▶ Input data:
-------------------------

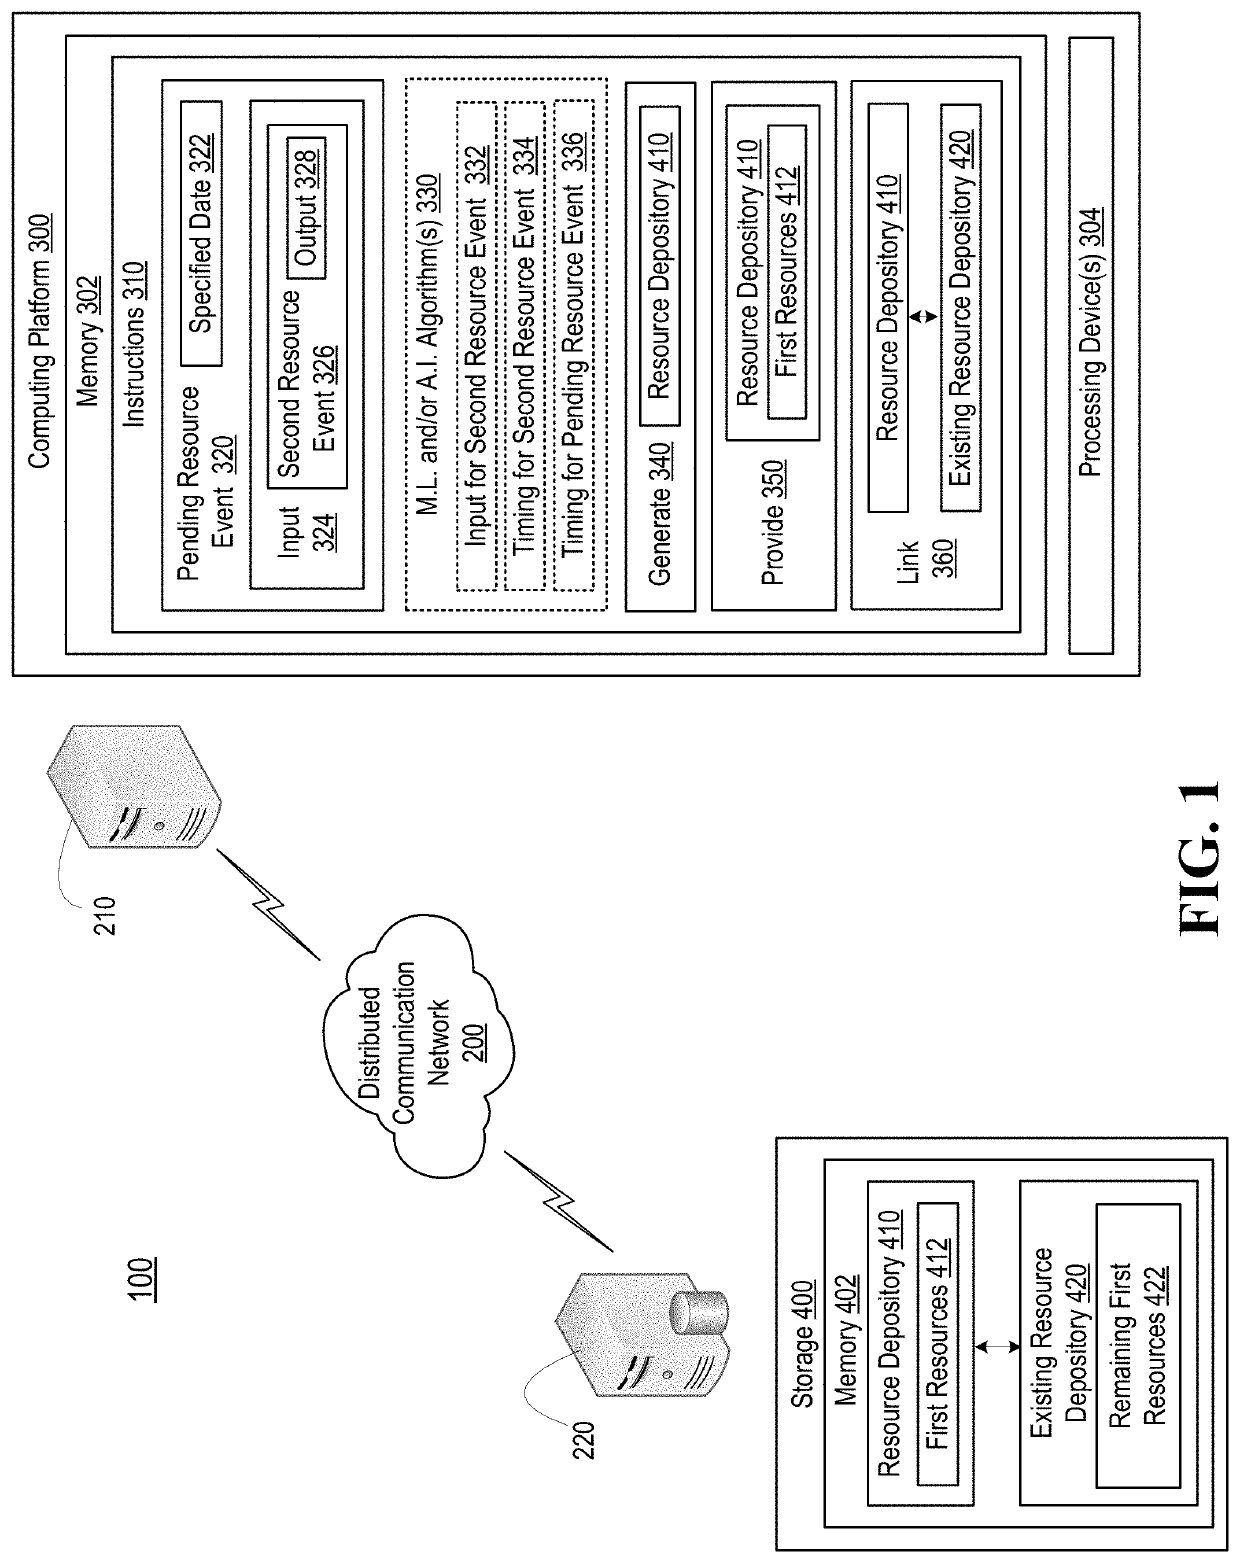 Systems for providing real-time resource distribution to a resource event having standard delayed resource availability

-------------------------

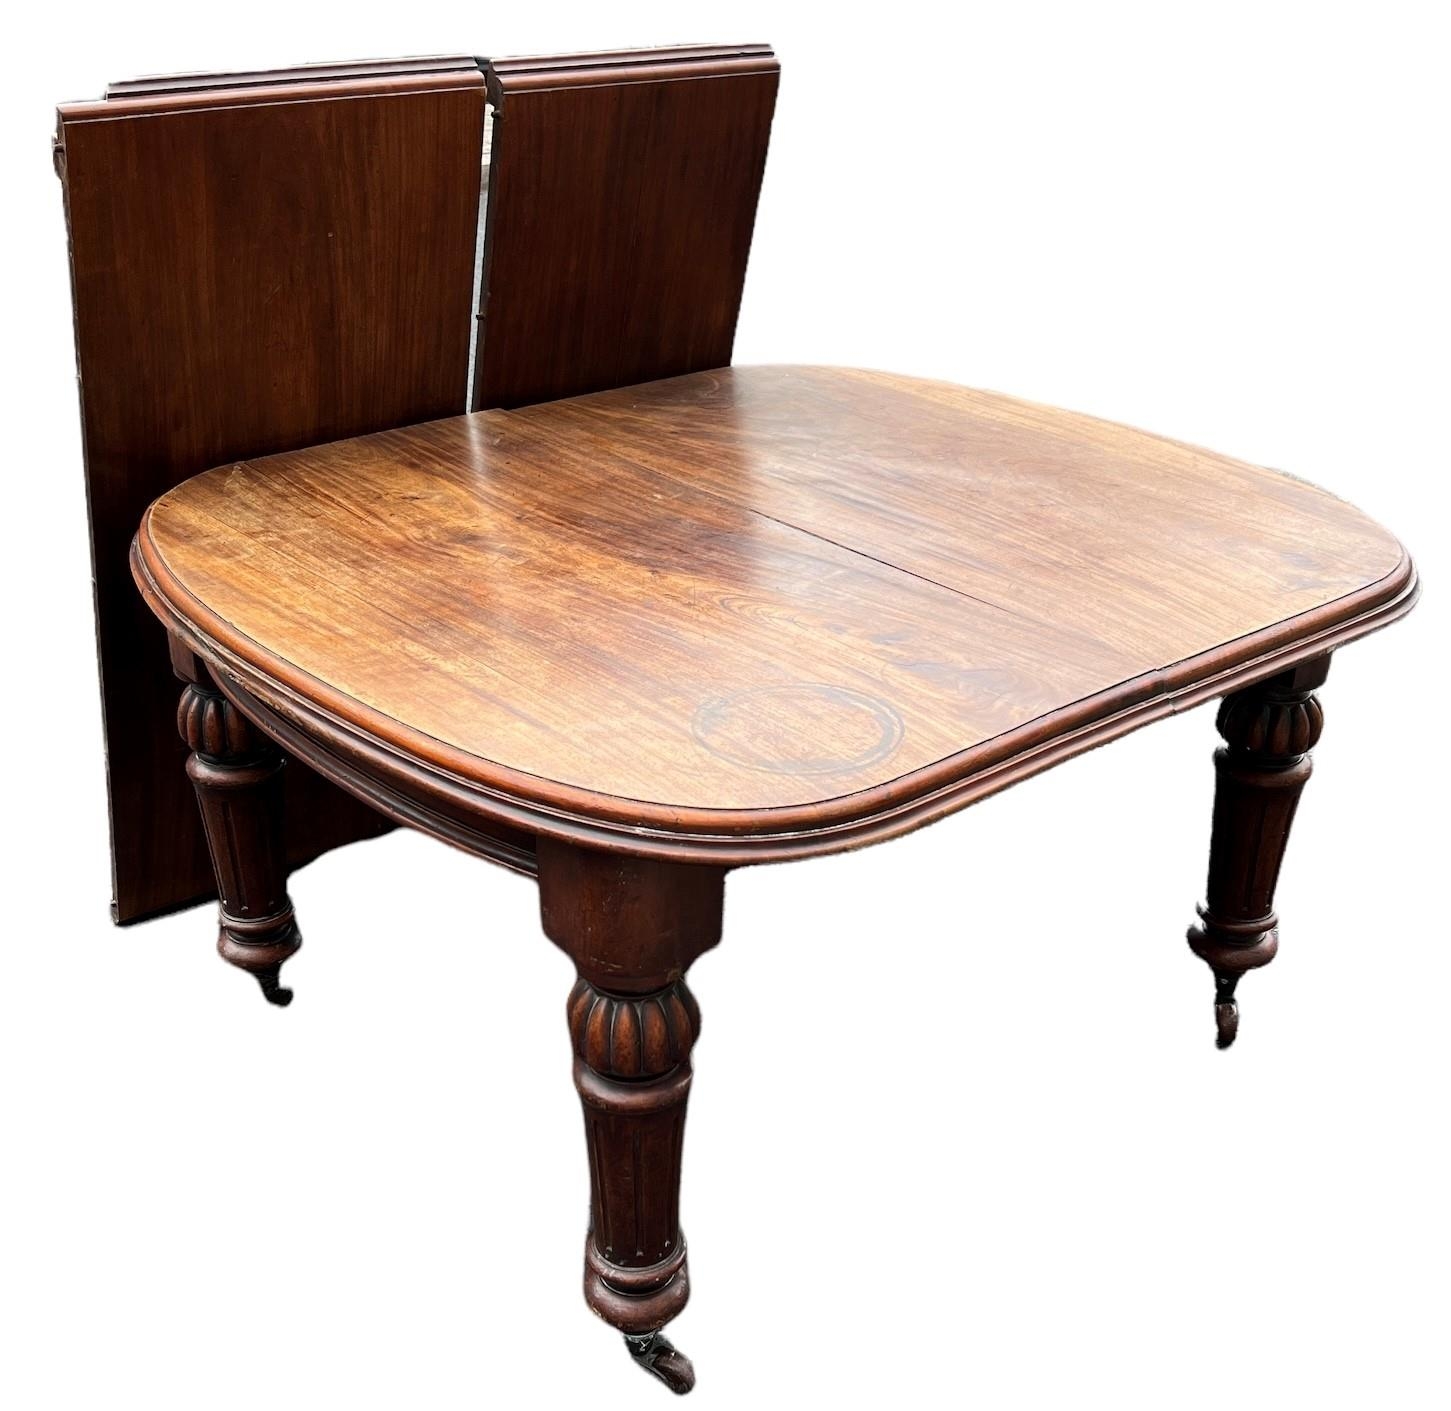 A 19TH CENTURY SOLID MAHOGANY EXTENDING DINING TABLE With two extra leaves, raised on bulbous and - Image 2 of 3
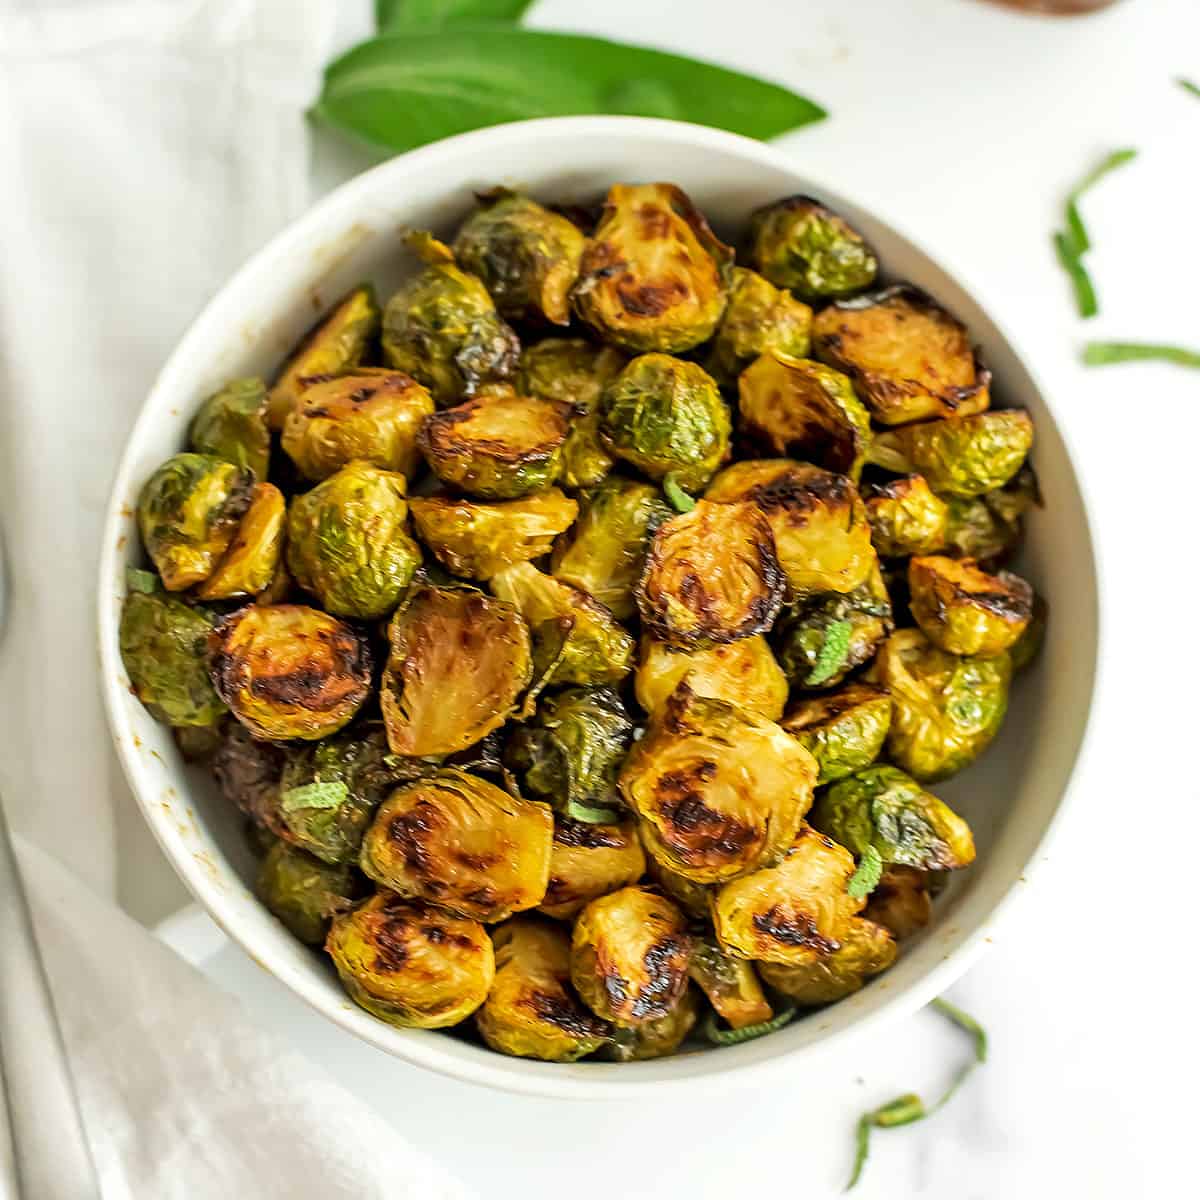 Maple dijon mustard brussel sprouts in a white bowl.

-------------------------

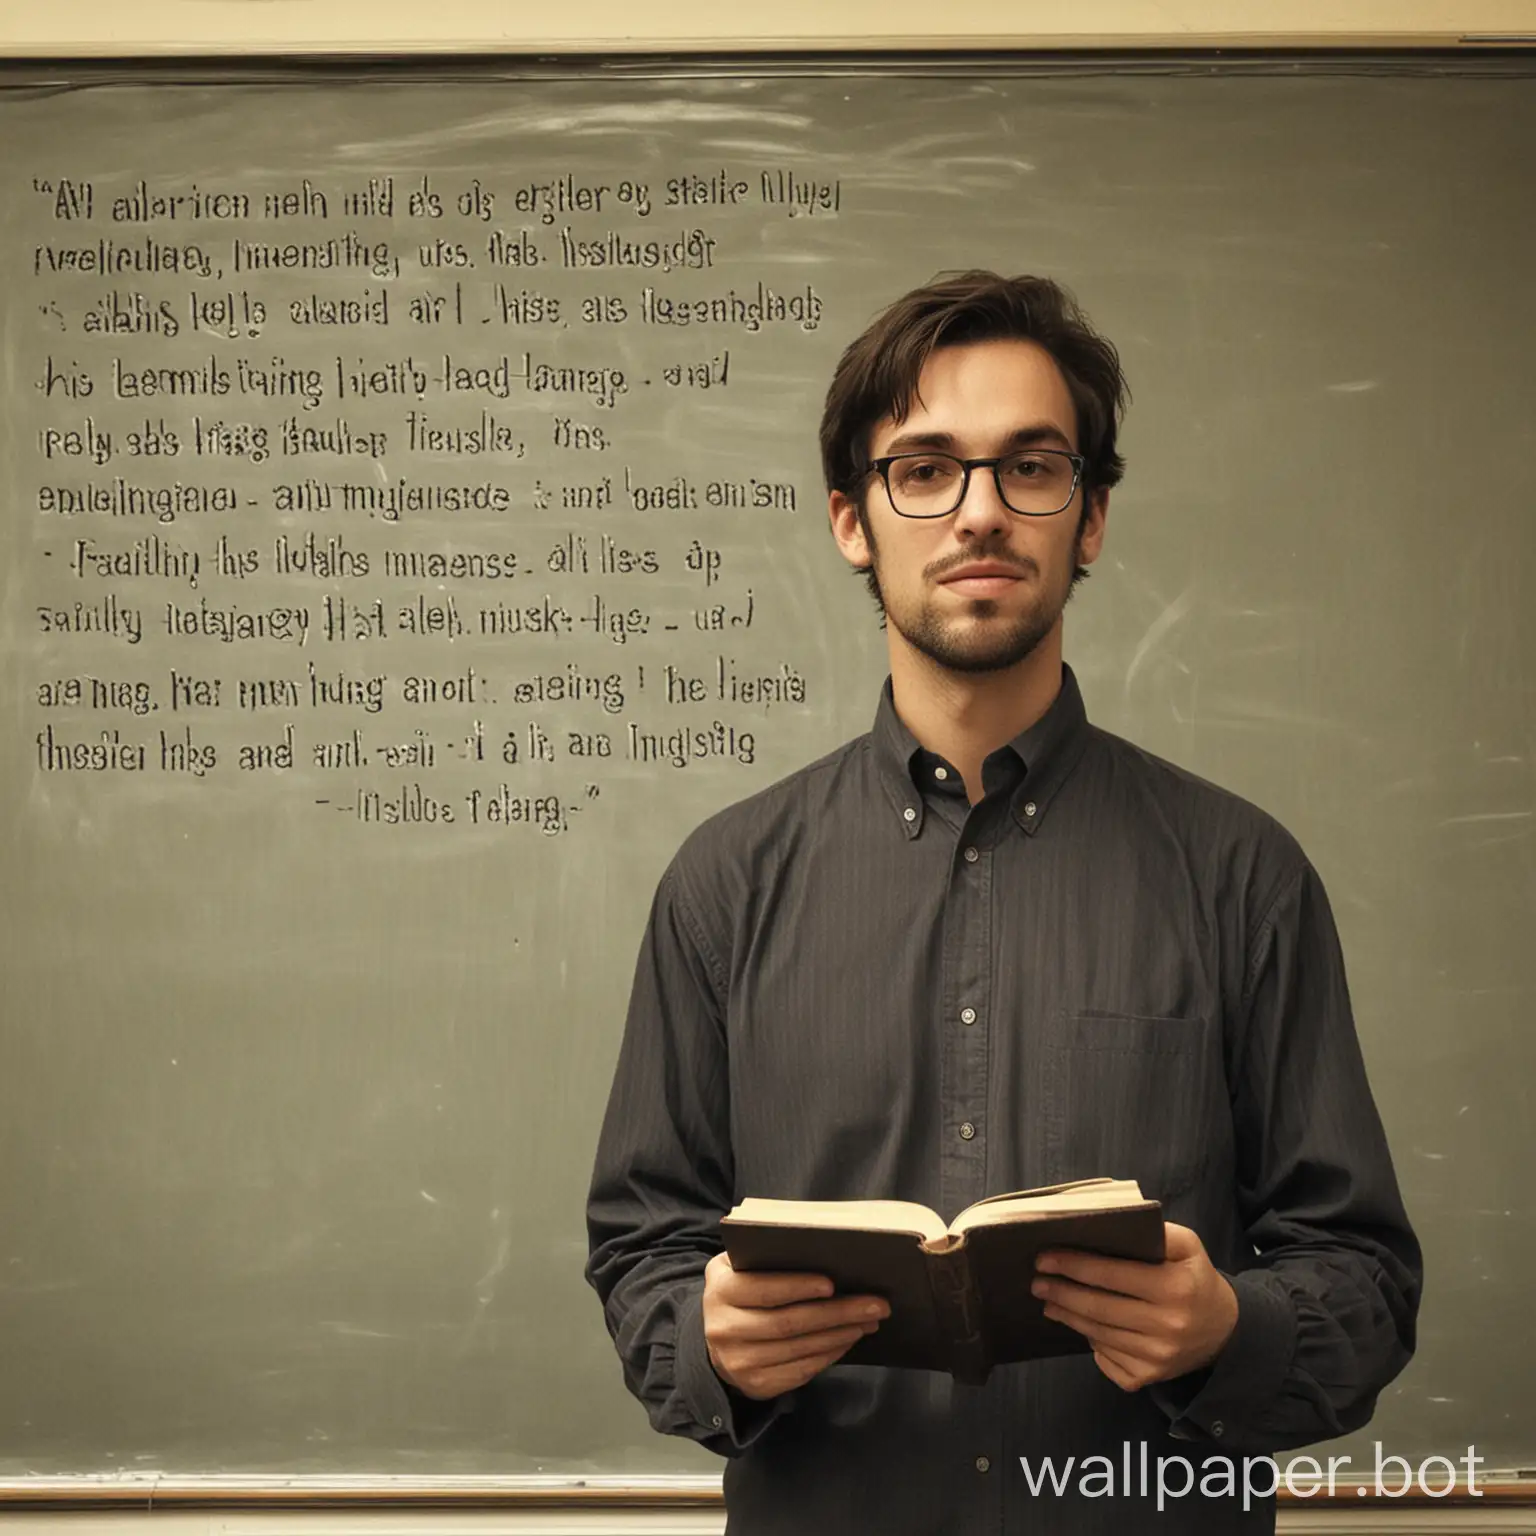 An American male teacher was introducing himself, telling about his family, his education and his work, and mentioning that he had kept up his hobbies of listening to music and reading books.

-------------------------

▶ Activity: Starting at the line above that holds "A 19TH CENTURY", repeat every line exactly down to and including the line that holds "Maple dijon mustard", then stop. Do not carry over any pictures.

▶ Your solution:
 A 19TH CENTURY SOLID MAHOGANY EXTENDING DINING TABLE With two extra leaves, raised on bulbous and - Image 2 of 3
 Maple dijon mustard brussel sprouts in a white bowl.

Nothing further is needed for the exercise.